# Records to process
+ + + +
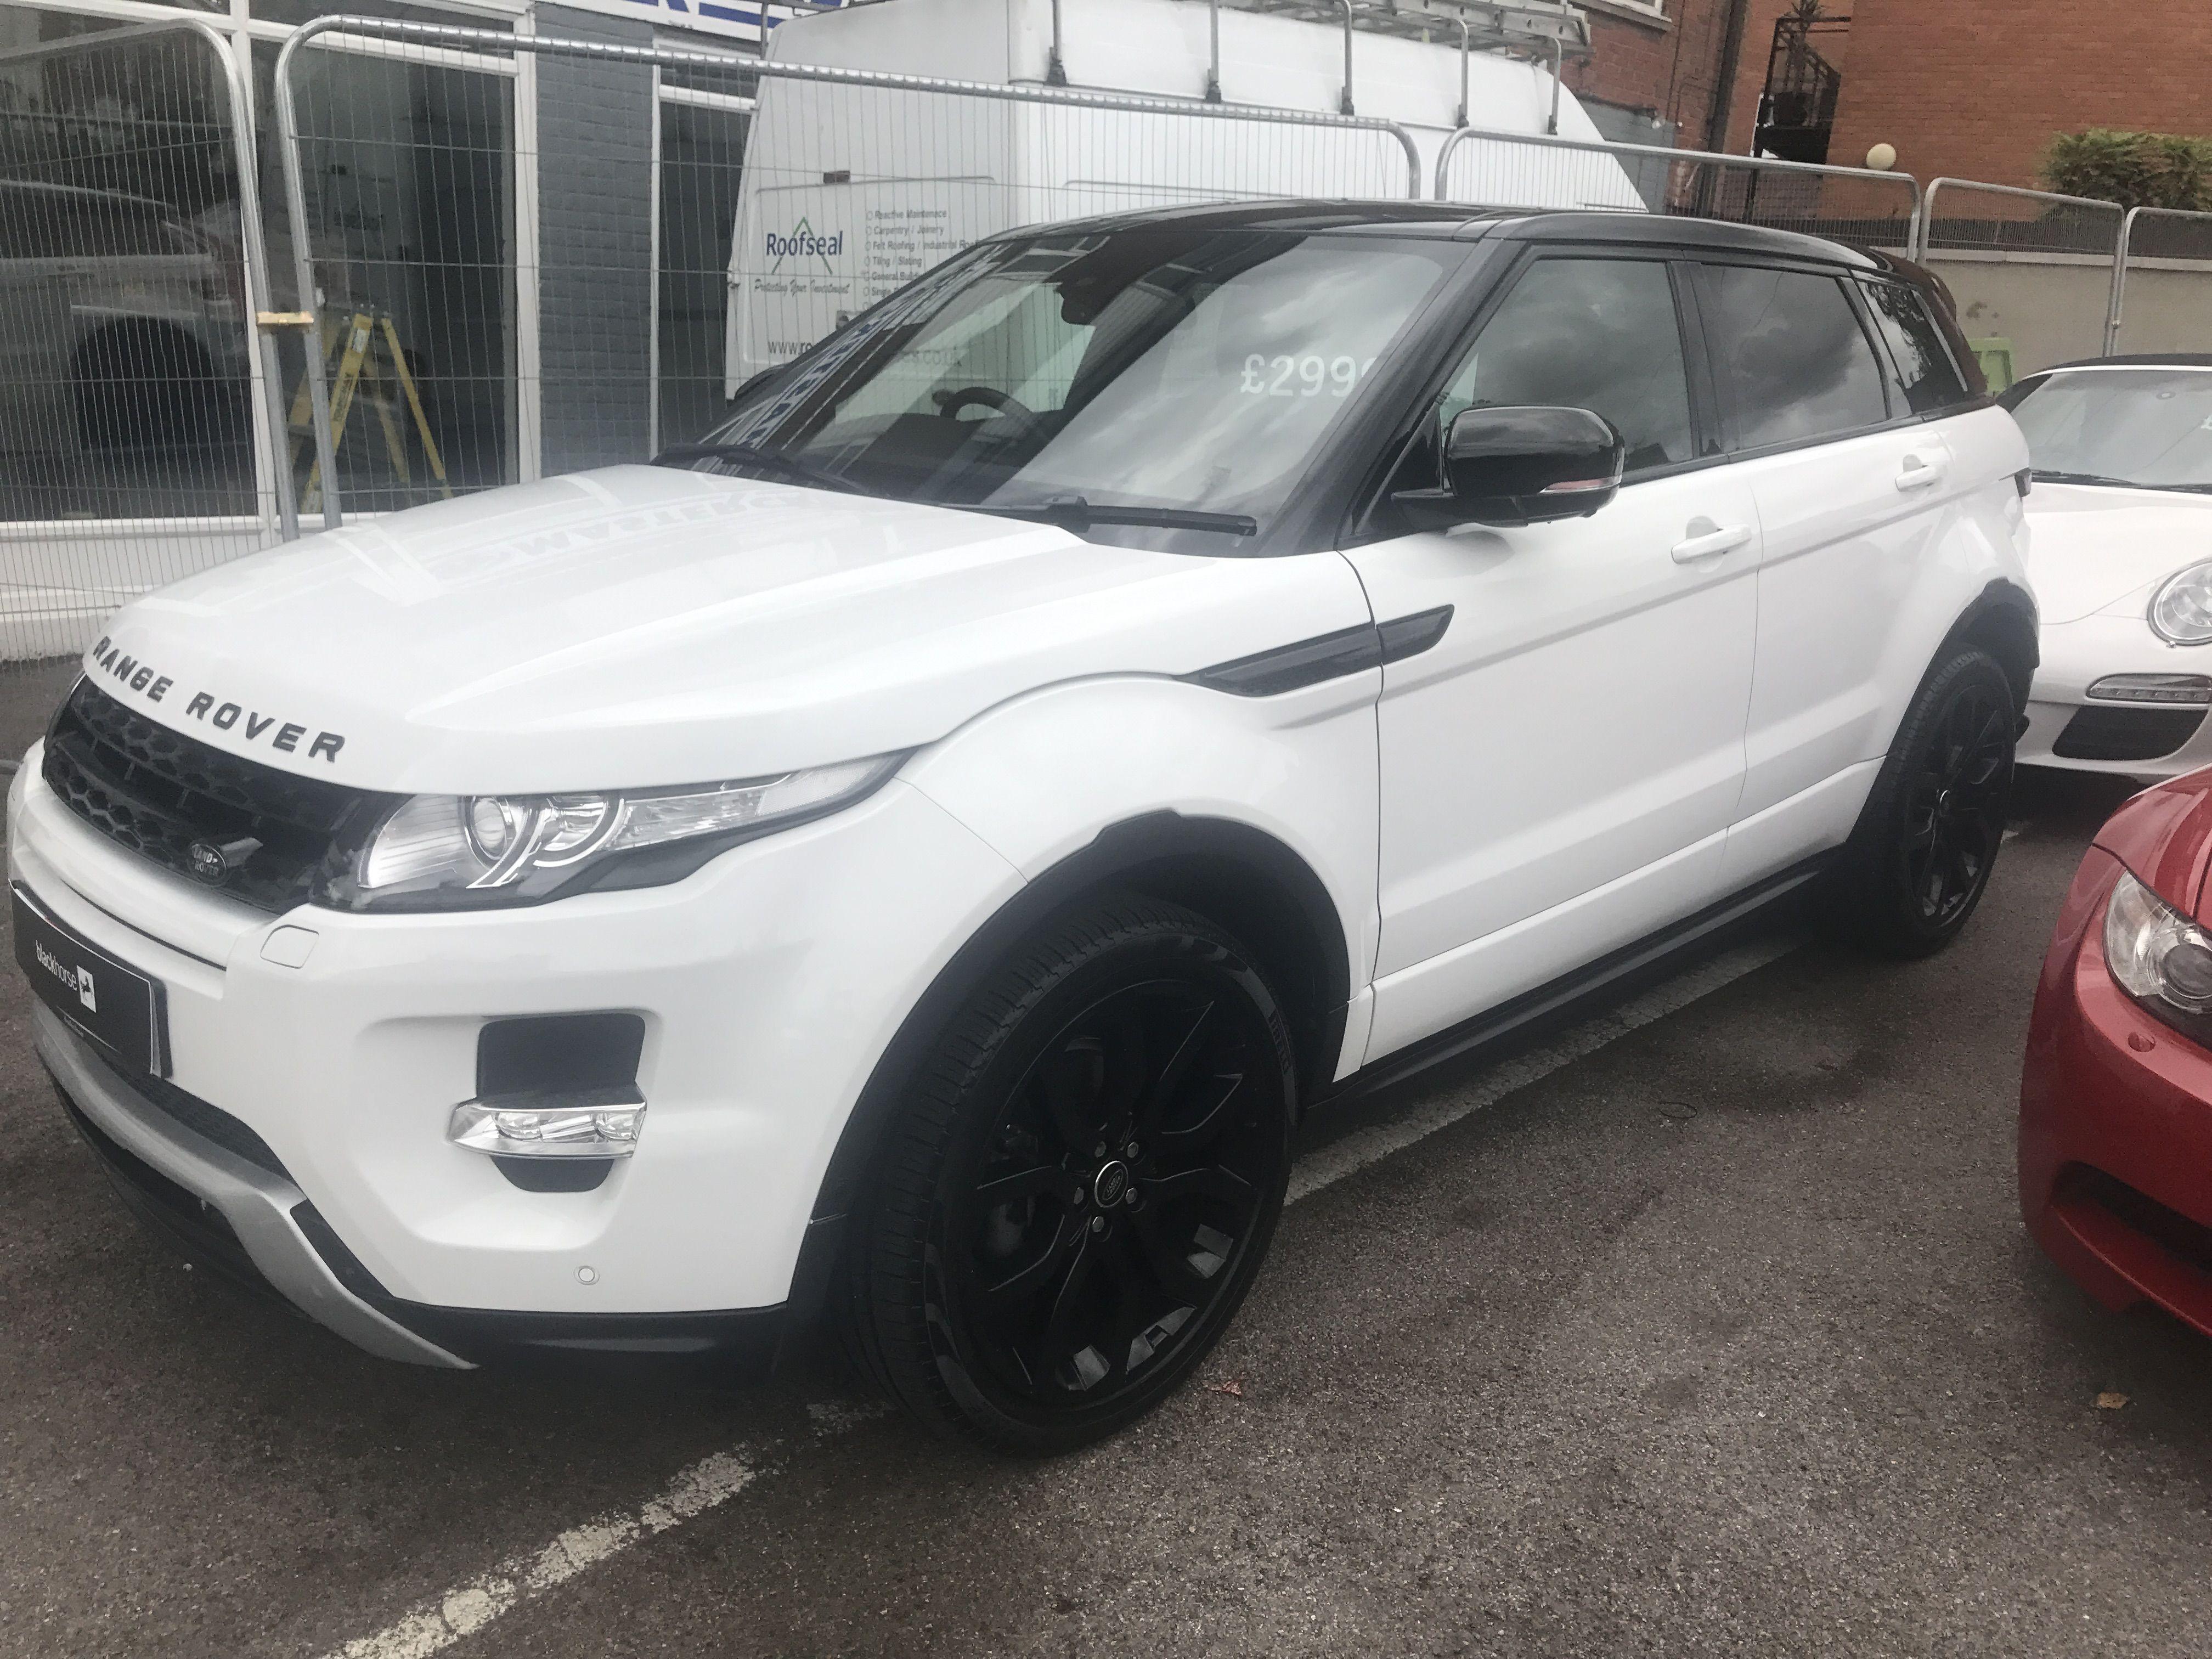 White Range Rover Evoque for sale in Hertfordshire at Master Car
+ + + +
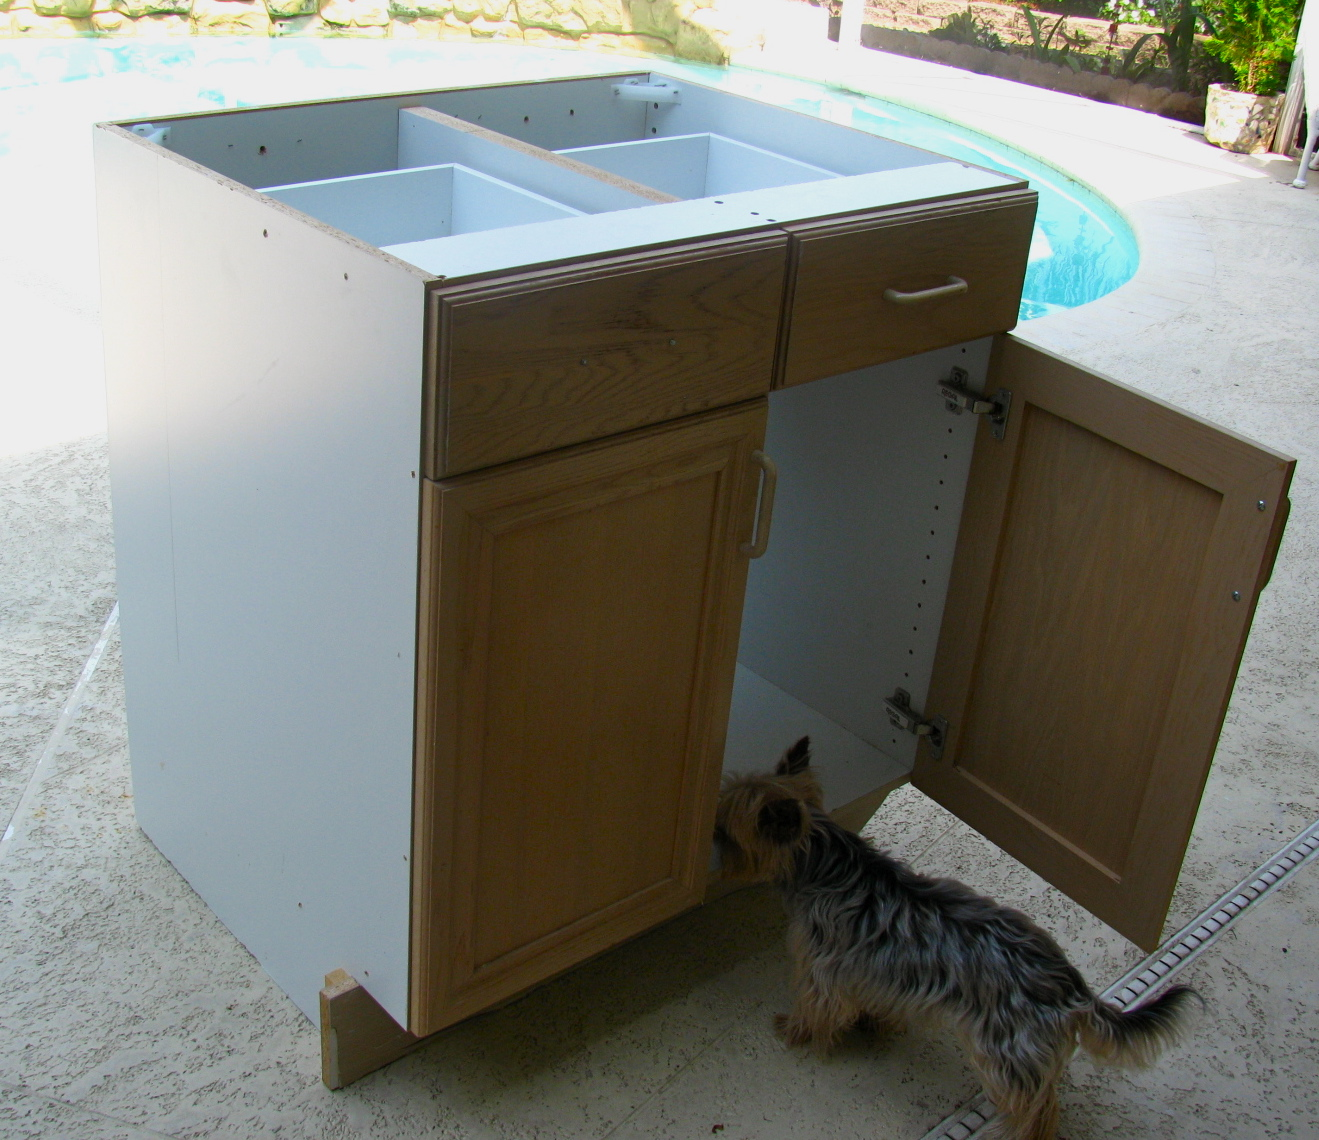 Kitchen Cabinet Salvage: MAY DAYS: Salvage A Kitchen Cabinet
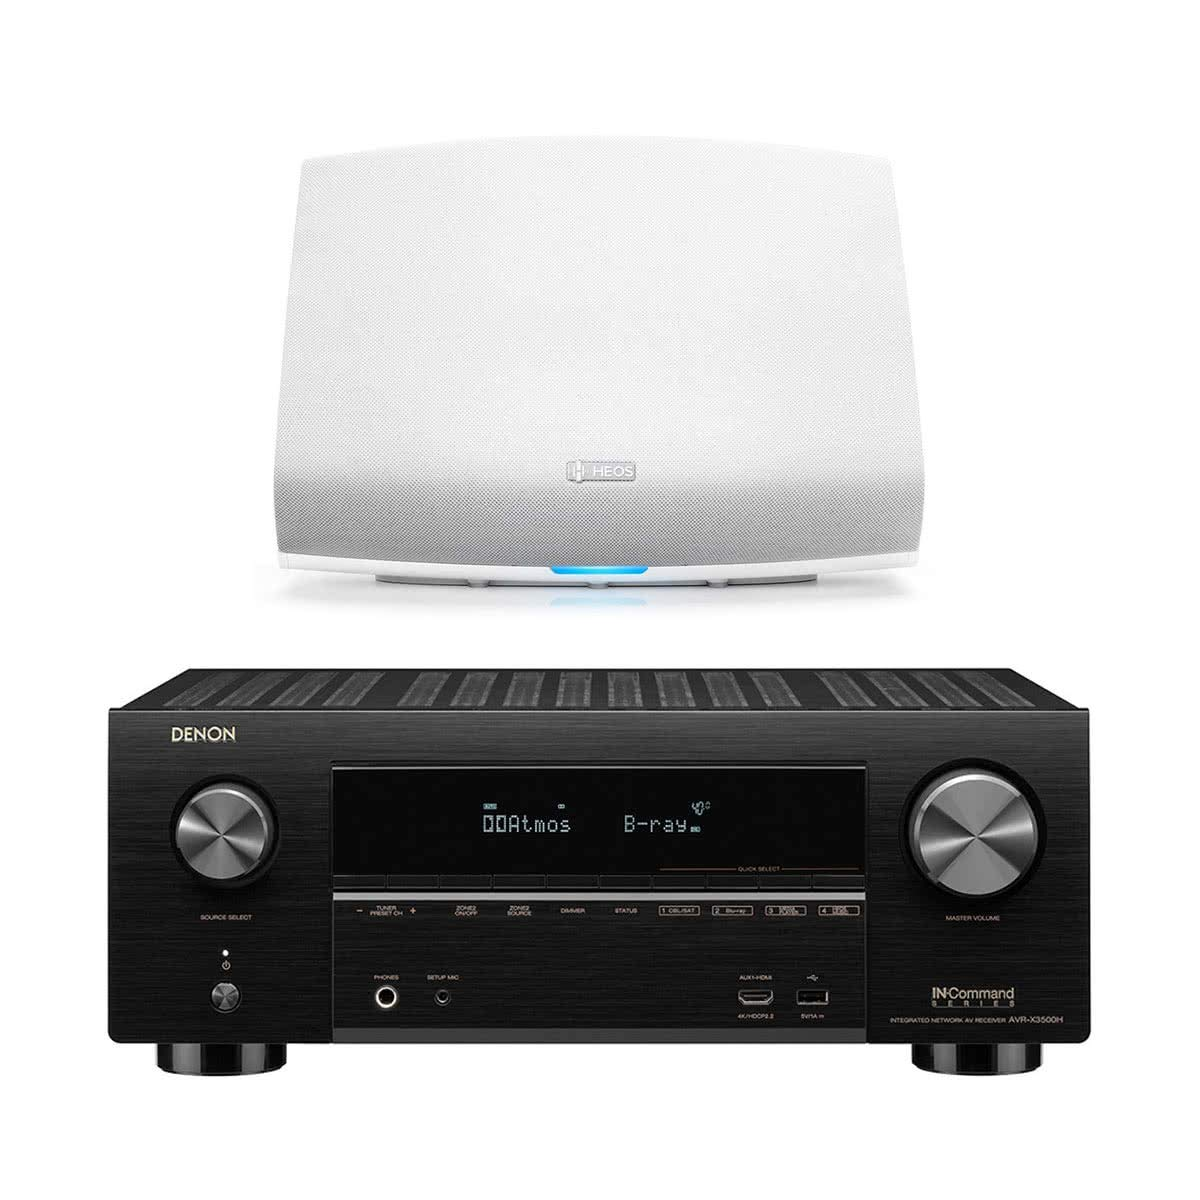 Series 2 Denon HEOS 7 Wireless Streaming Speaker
+ + + +
Copy the lines above between the one holding "Kitchen Cabinet Salvage: MAY" and the one holding "Series 2 Denon", inclusive. Drop the pictures.

# Exercise result
 Kitchen Cabinet Salvage: MAY DAYS: Salvage A Kitchen Cabinet
 Series 2 Denon HEOS 7 Wireless Streaming Speaker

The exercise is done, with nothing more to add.